On the other hand, other studies demonstrated that the models described above were unable to discriminate between euploid and aneuploid embryos (Kramer et al., 2014; Rienzi et al., 2015; Patel et al., 2016; Zhang et al., 2017).
Sex
A single study with 177 embryos reported that female embryos showed earlier cavitation than male embryos, but it did not reach statistical significance (Serdarogullari et al., 2014). However, studies with aCGH analysis found a faster development in male embryos. A single study found that male embryos tend towards a faster progression to t4 than female embryos, with 213 embryos included (Melzer et al., 2013); while a study with 327 embryos also found a faster development in male embryos. Hence, they proposed an algorithm based on s2 and tM that permits identifying embryos with higher probability of being female (Bronet et al., 2015). By contrast, a study evaluated 416 embryos through the FISH technique, and they reported that tPN is significantly faster in female than male embryos; whereas tPNf was significantly faster in male embryos; and the blastulation rate was significantly higher in female embryos (Zeyad et al., 2018).
As described above, a retrospective study based on 81 live births reported a significantly slower development for tB in male embryos than in female embryos (Bodri et al., 2016). Meanwhile, retrospectives studies reported t3, t4 and cc2 earlier in male embryos than those of female embryos (Huang & Jin, 2017); as well as t3,t4,t5 and cc2 (Huang et al., 2019). However, only t3 (<14h) was correlated with live birth sex (Huang et al., 2019).
CONCLUSIONS
Time Lapse provides valuable information and enormous potential to enhance our understanding of embryo development. Considerable knowledge has been accumulated and describes the morphokinetic dynamics during different stages in human embryos. It has been demonstrated that some patient characteristics and culture conditions modified this development pattern. There is a consensus that embryos generated from advanced maternal age have a slow development. Moreover, the current available data about smoking and high-oxygen concentration cultures are scarce, but it also demonstrated a slow development in both groups. On the contrary, any difference in morphokinetics has been described when IVF or ICSI was used as the fertilization method. Similar observations were found when the embryos were culture in single or sequential media.

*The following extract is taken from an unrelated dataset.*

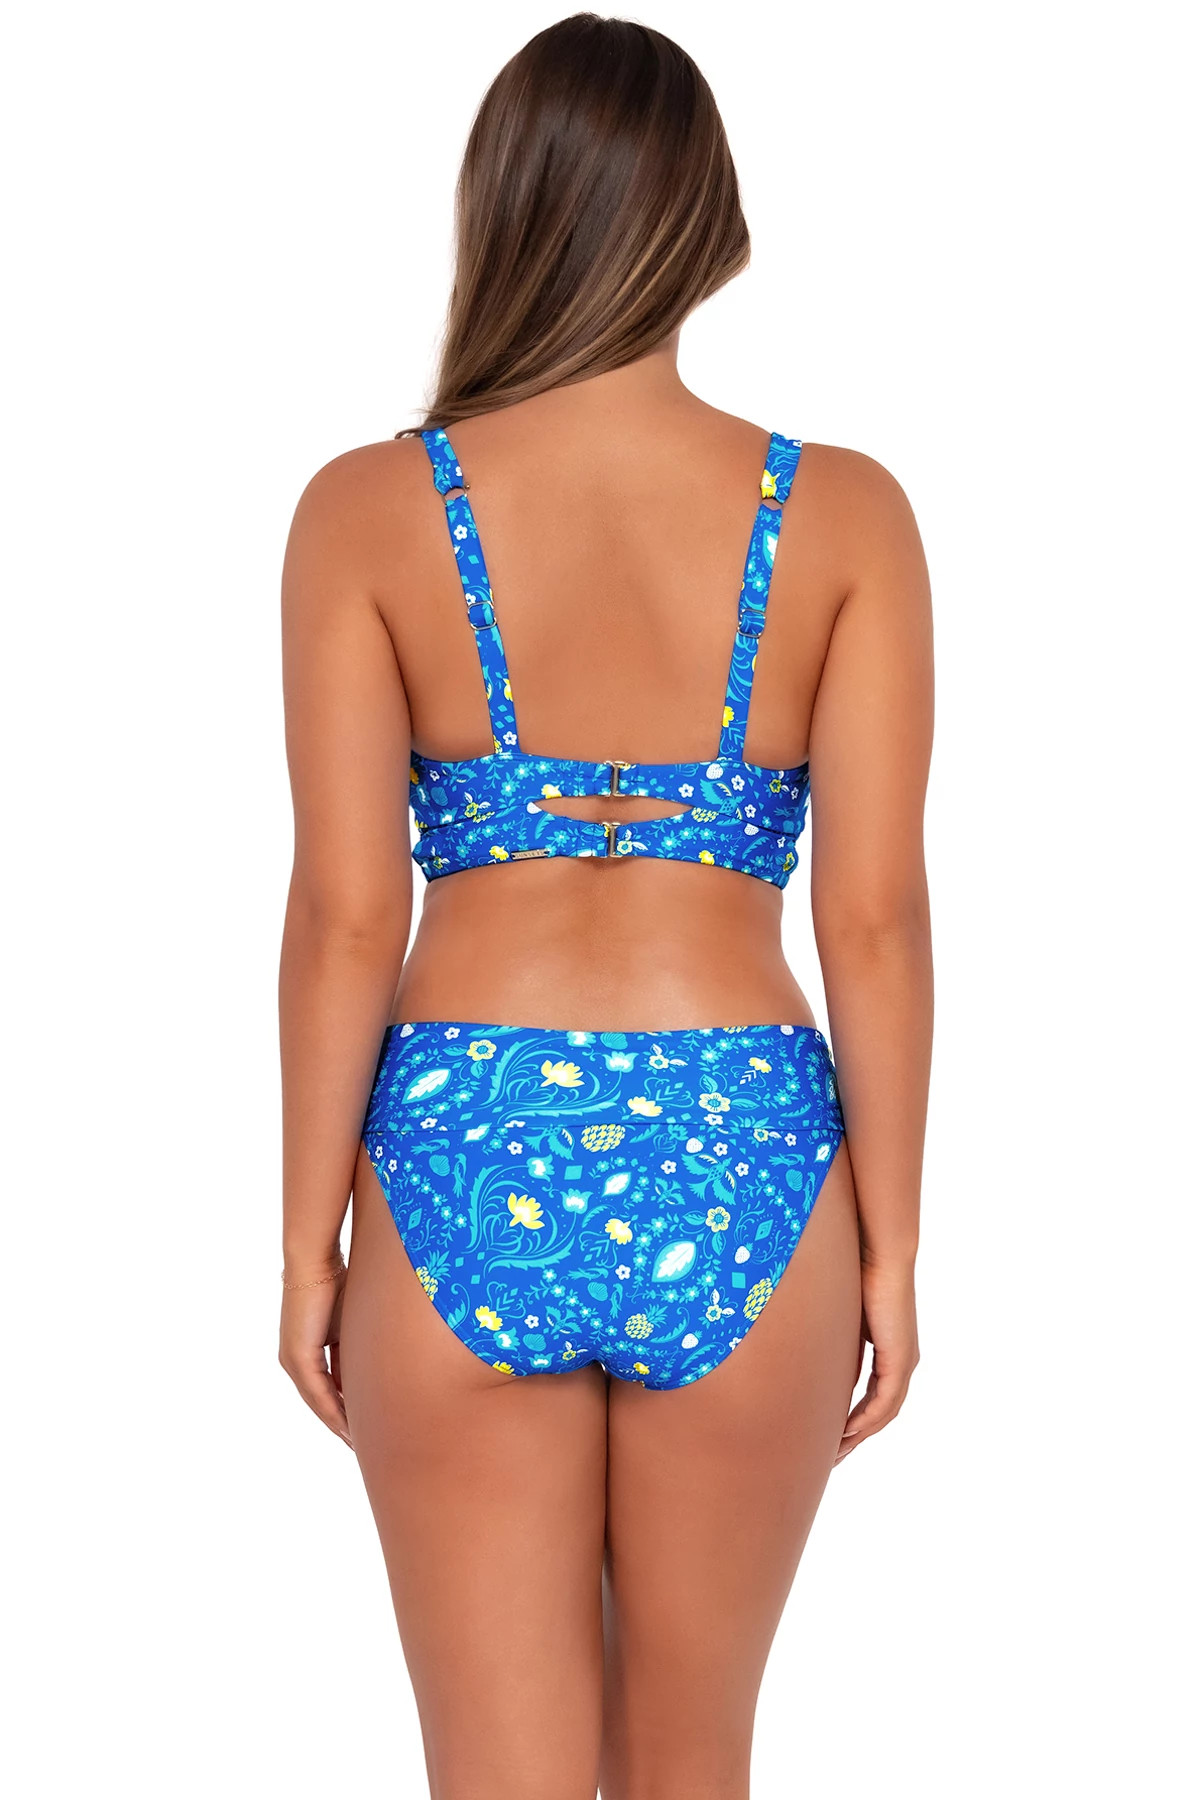 PINEAPPLE GROVE Danica Underwire Bikini Top (E-H Cup) image number 2

On the other hand, the limited number of studies, the considerable differences in the study designs and patients' characteristics like BMI, PCOS, endometriosis, ploidy and gender made it difficult to draw a conclusion. Given this inconsistency and lack of evidence, more prospective studies and further randomized clinical trials are needed.

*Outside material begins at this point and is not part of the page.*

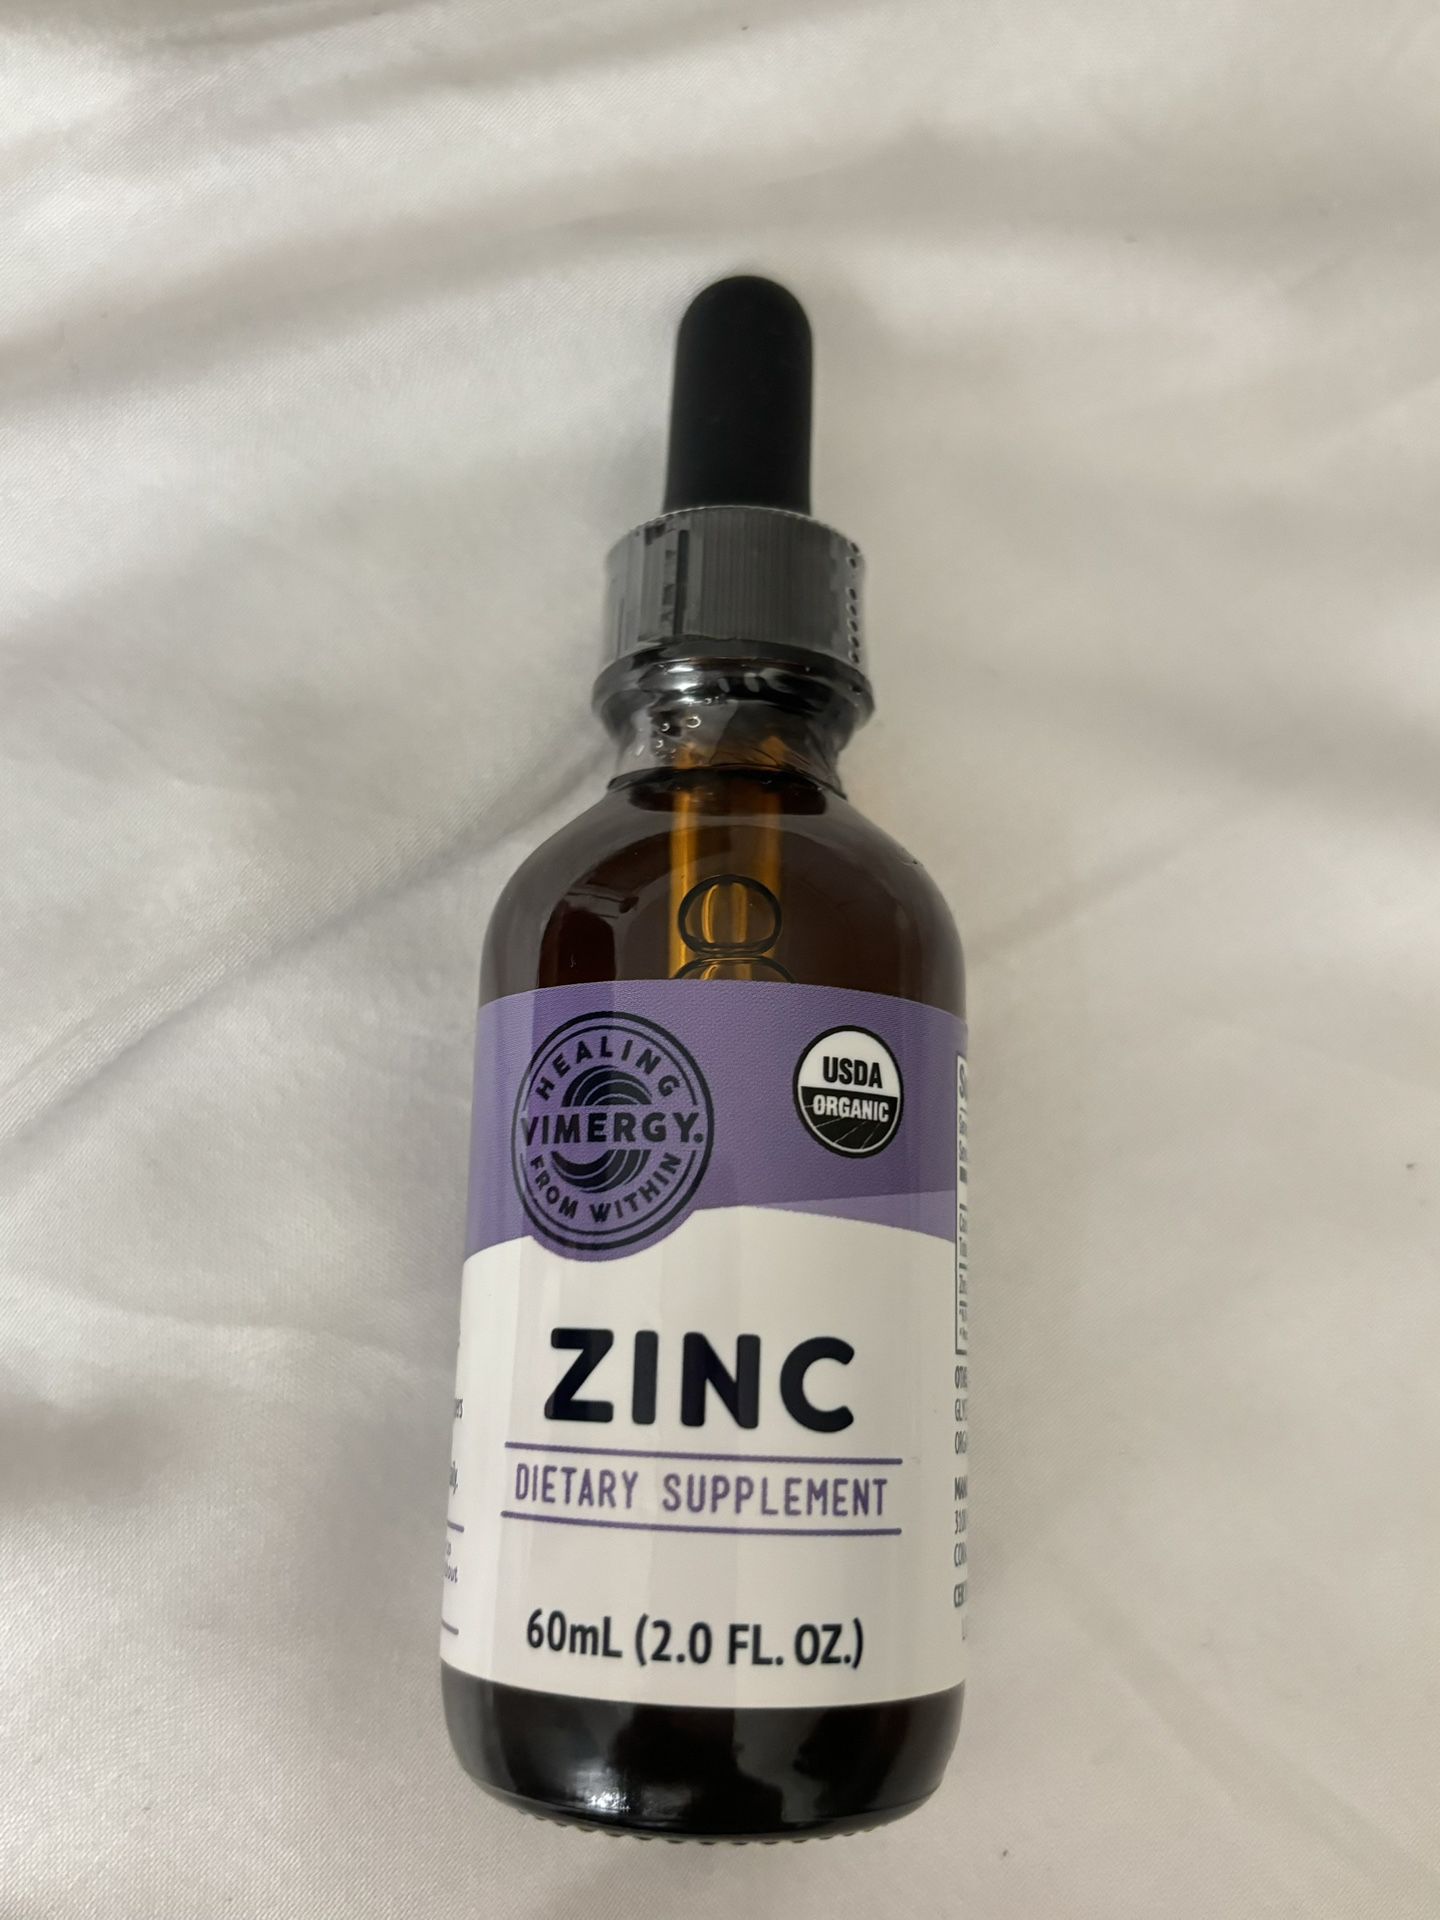 Vimergy organic liquid zinc

The association between morphokinetics and ART outcome has important implications in clinical results; where two morphokinetic events have the potential to predict embryo implantation: blastocyst collapse-re-expansion and direct-reverse cleavage seems to have a strong impact on clinical outcomes.
ACKNOWLEDGEMENTS
The authors would like to thank Marcos Meseguer Escrivá from IVIRMA Valencia for his evaluation, critical reading and comments on the final project of Silvana Márquez, on which this manuscript is based.